Recorded information:
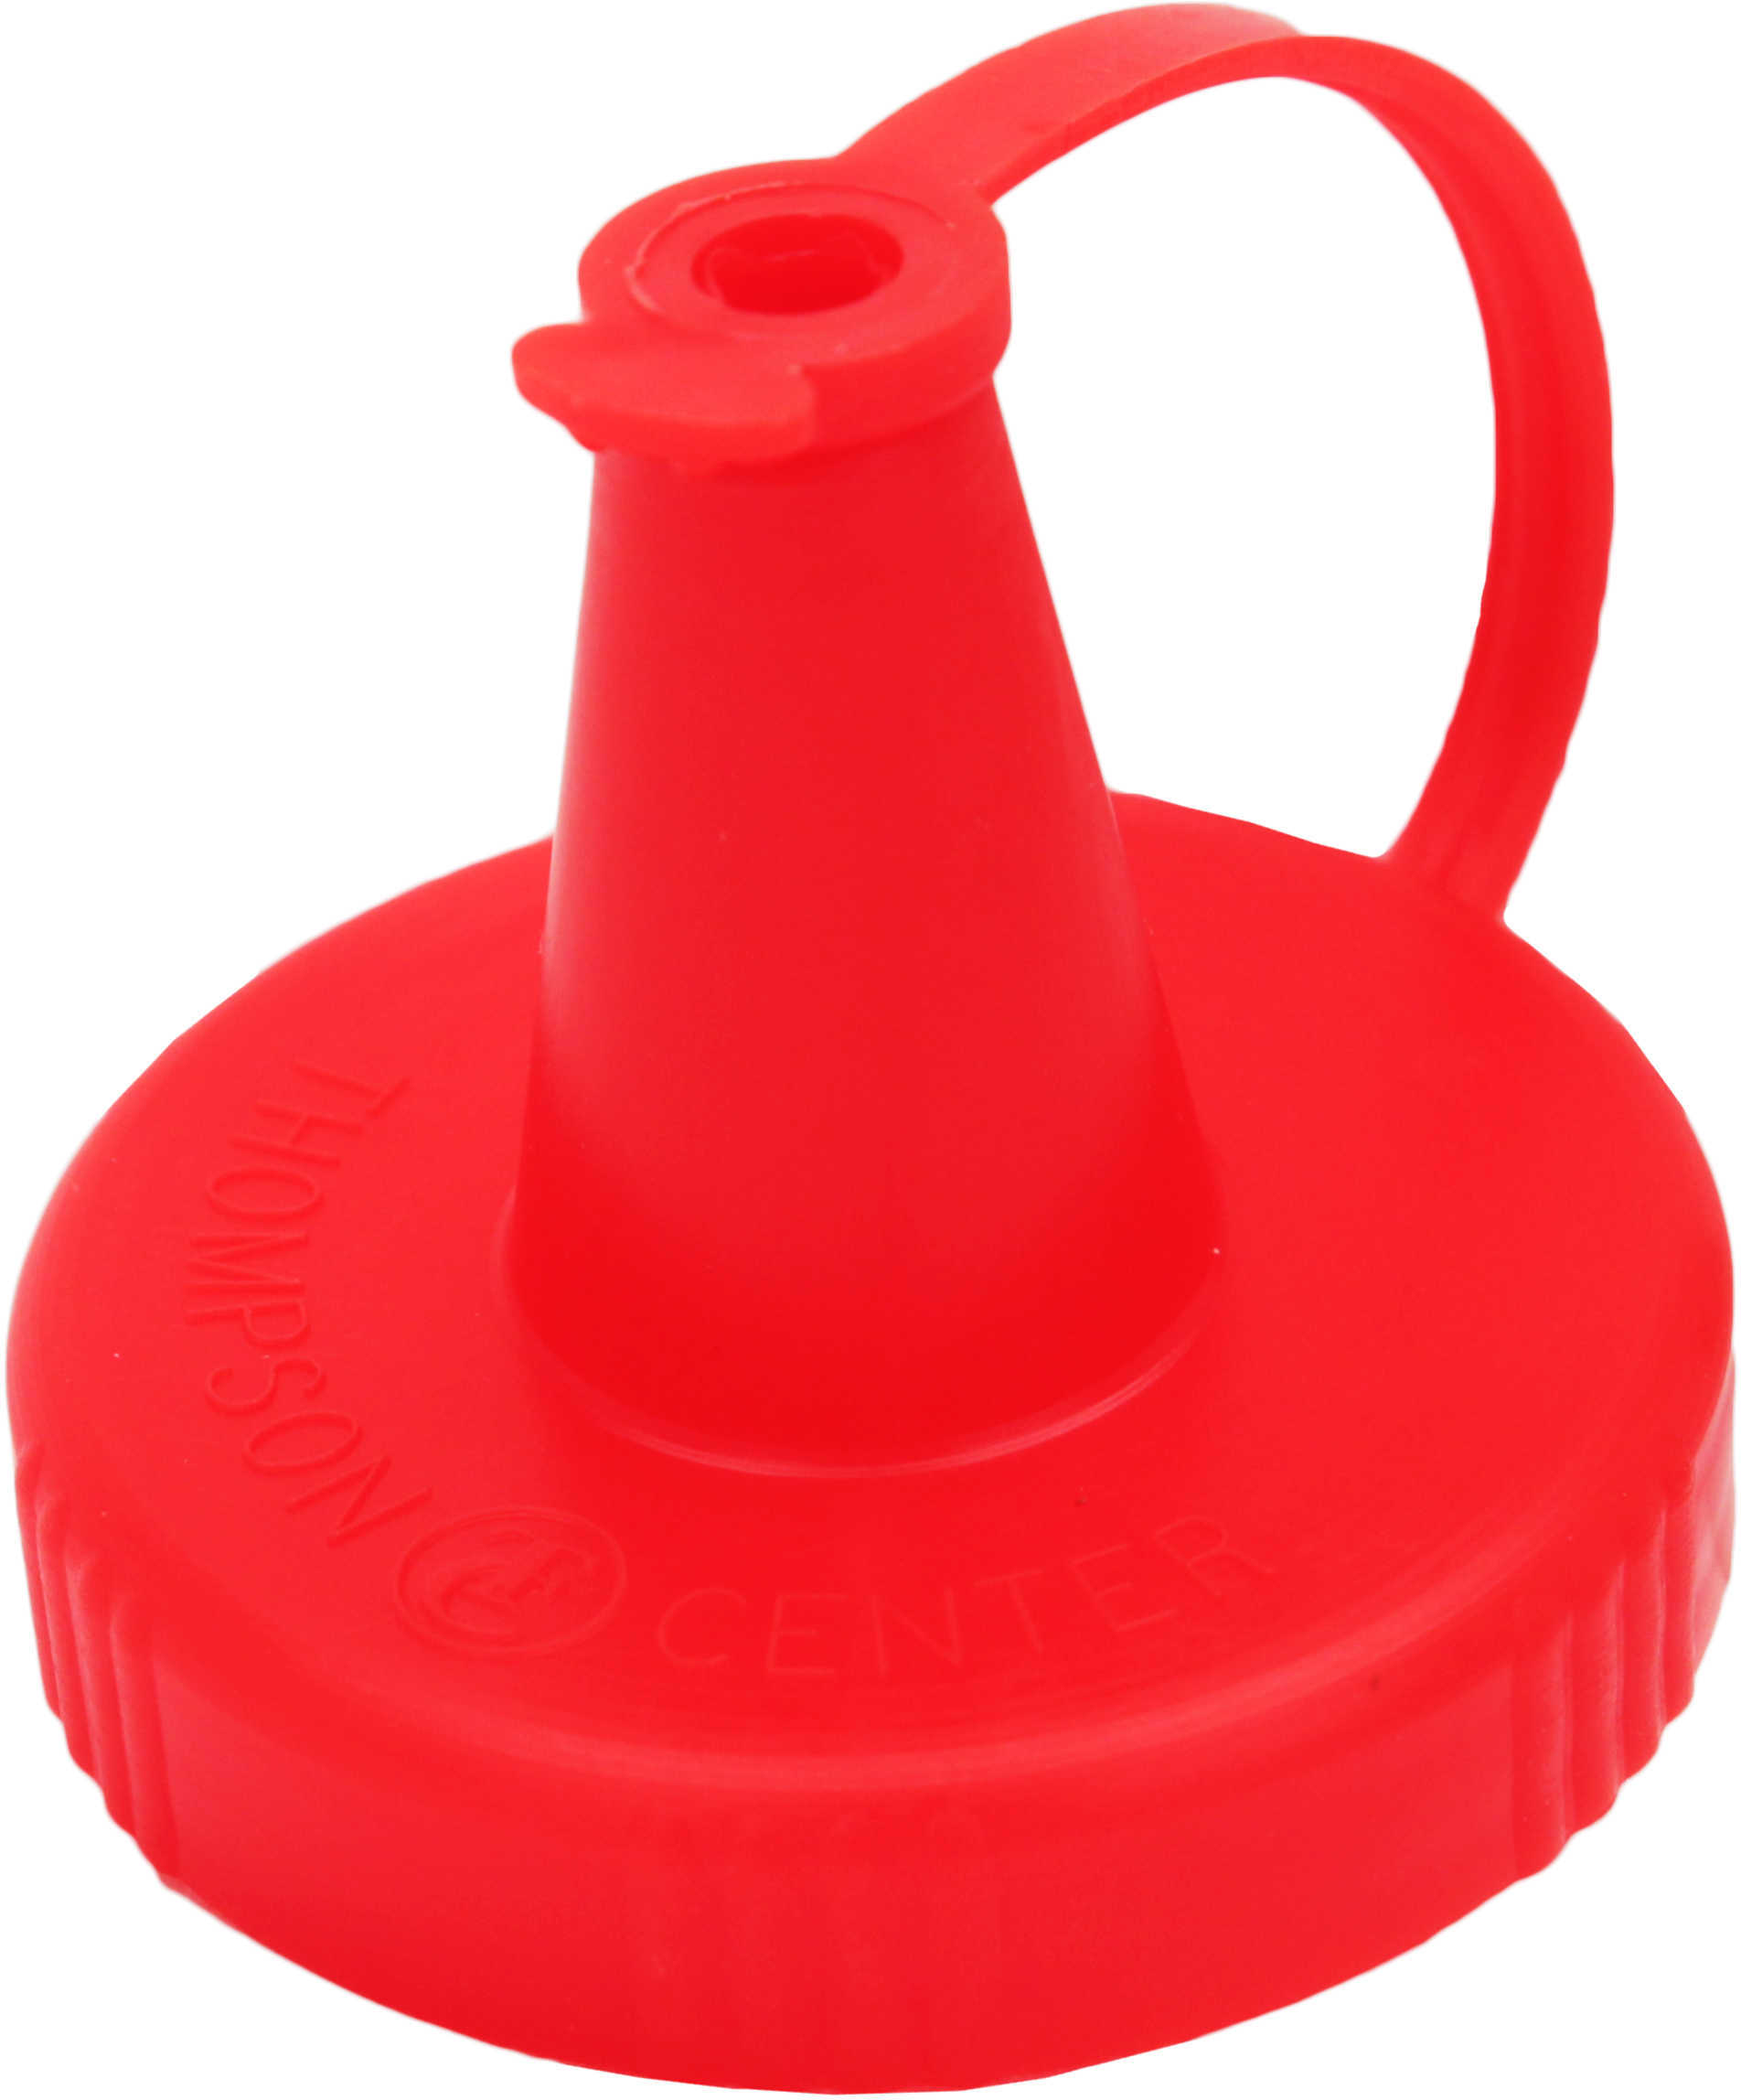 T/C Accessories 31007223 Pyrodex Powder Spout Muzzleloader Red
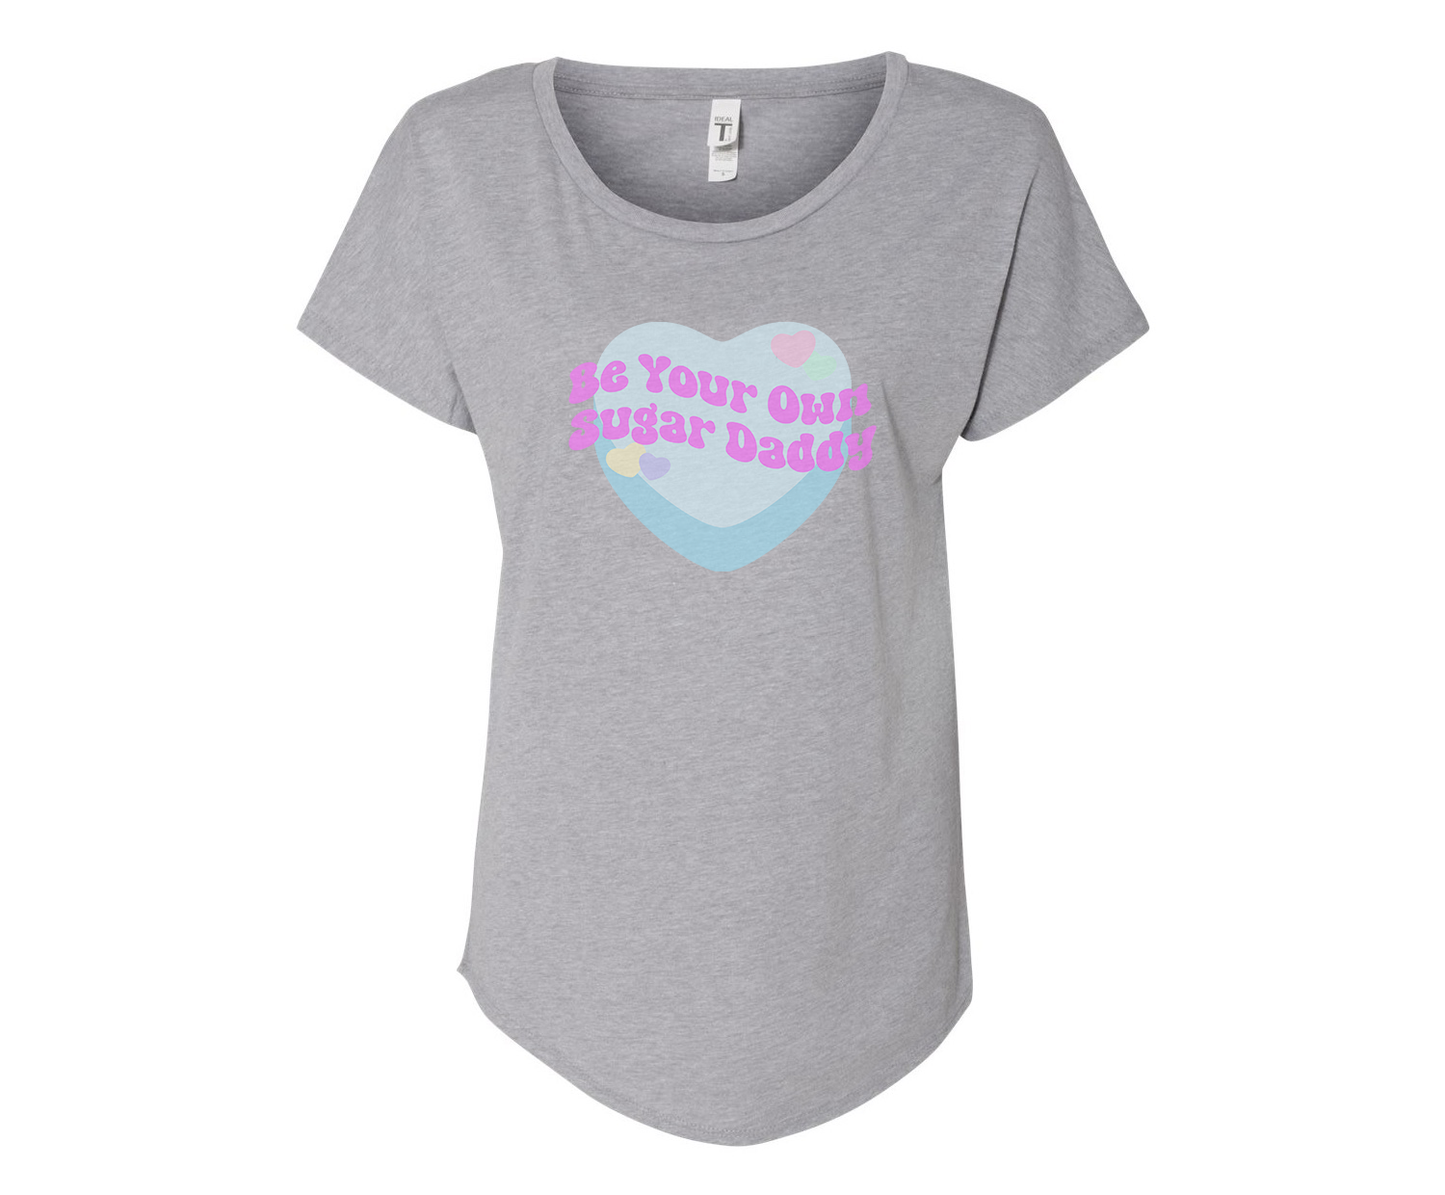 Be Your Own Sugar Daddy Ladies Tee Shirt - In Grey & White
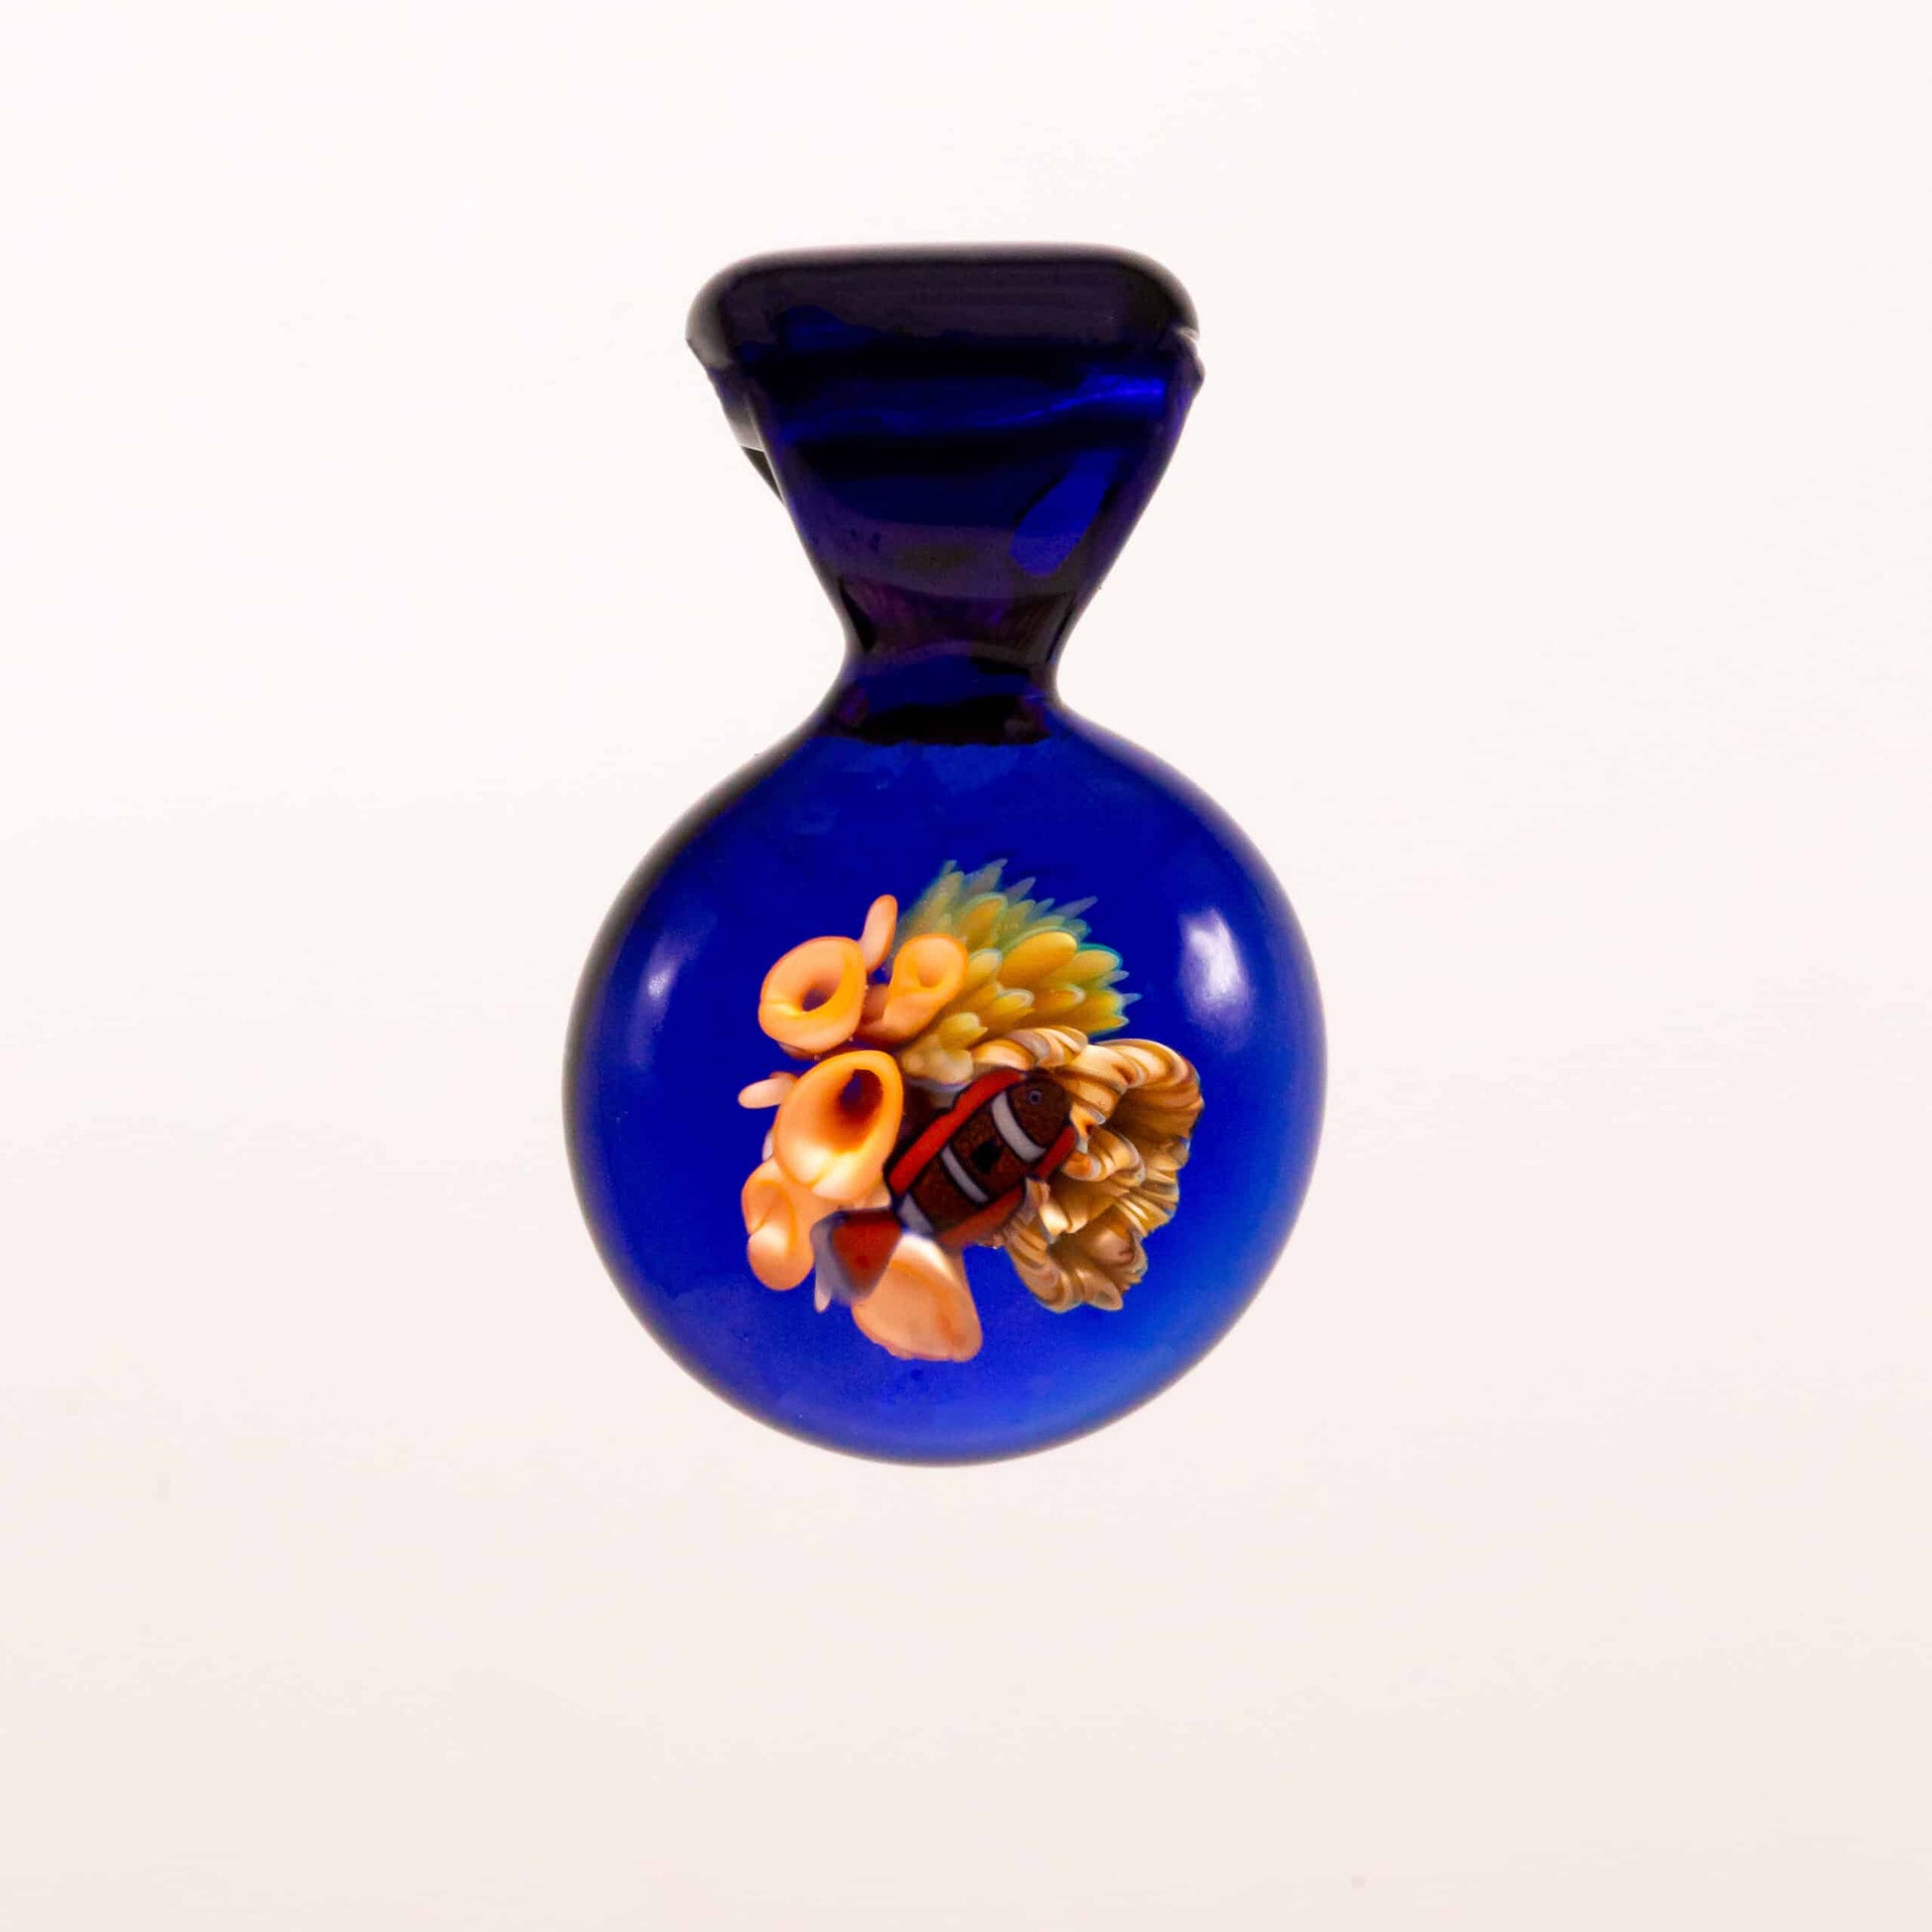 hand-blown glass pendant - Coral Reef Pendant (BLUE, CLOWNFISH) #1 BY KIMMO

Exercise:
Extract the full listing above verbatim; pictures are to be left out of the copy.

Response to this task:
 T/C Accessories 31007223 Pyrodex Powder Spout Muzzleloader Red
 Be Your Own Sugar Daddy Ladies Tee Shirt - In Grey & White
 hand-blown glass pendant - Coral Reef Pendant (BLUE, CLOWNFISH) #1 BY KIMMO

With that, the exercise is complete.